Same thing, a bit less readable (for me), a SELECT removed (very fast SELECT, so little advantage):
SELECT book.*, MIN(book1.startdate) AS best
FROM book
JOIN book AS book1 ON (book.item = book1.item AND book.item = 42)
WHERE book1.startdate >= book.enddate
GROUP BY book.booking
HAVING TIMESTAMPDIFF(MINUTE, book.enddate, best) > 110
ORDER BY startdate LIMIT 1;
In your case, one day is 1440 minutes and
SELECT book.*, MIN(book1.startdate) AS best FROM book JOIN book AS book1 ON (book.item = book1.item AND book.item = 42) WHERE book1.startdate >= book.enddate GROUP BY book.booking HAVING TIMESTAMPDIFF(MINUTE, book.enddate, best) >= 1440 ORDER BY startdate LIMIT 1;
+---------+------+---------------------+---------------------+---------------------+
| booking | item | startdate | enddate | best |
+---------+------+---------------------+---------------------+---------------------+
| 2 | 42 | 2013-10-27 14:00:00 | 2013-10-28 18:00:00 | 2013-10-30 09:00:00 |
+---------+------+---------------------+---------------------+---------------------+
1 row in set (0.00 sec)
...the period returned is 2, i.e., at the end of booking 2, and until "best" which is booking 3, a period of at least 1440 minutes is available.

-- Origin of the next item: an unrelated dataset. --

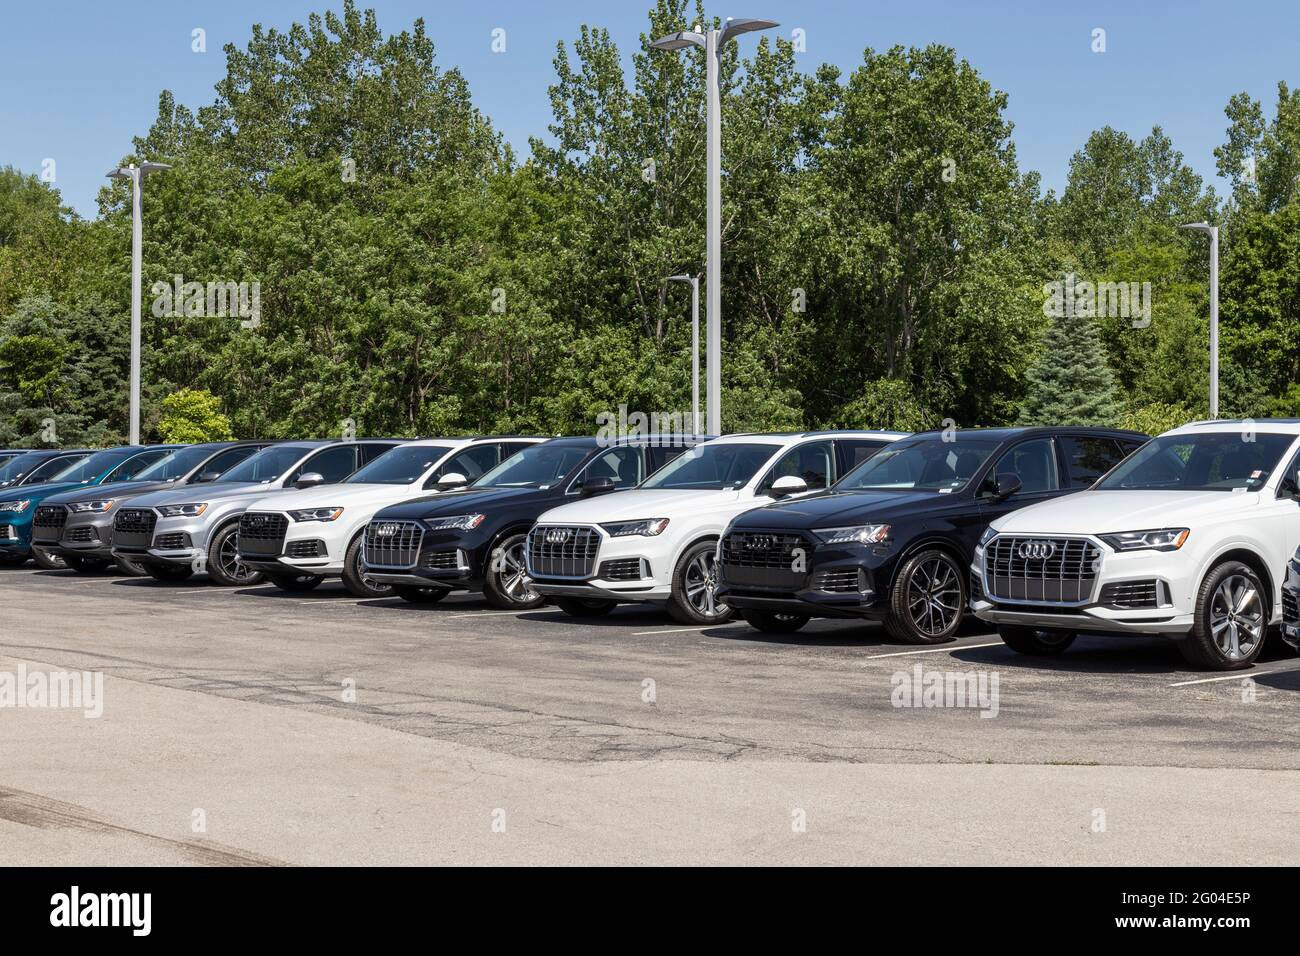 Indianapolis - Circa May 2021: Audi Automobile and SUV luxury car dealership. Audi is a luxury member of the Volkswagen Group. Stock Photo

An issue could be that if no periods are available, the query returns nothing -- then you need another query to fetch the farthest enddate. You can do this with an UNION and LIMIT 1 of course, but I think it would be best to only run the 'recovery' query on demand, programmatically (i.e. if empty(query) then new_query...).
Also, in the inner WHERE you should add a check for NOW() to avoid dates in the past. If expired bookings are moved to inactive storage, this could be unnecessary.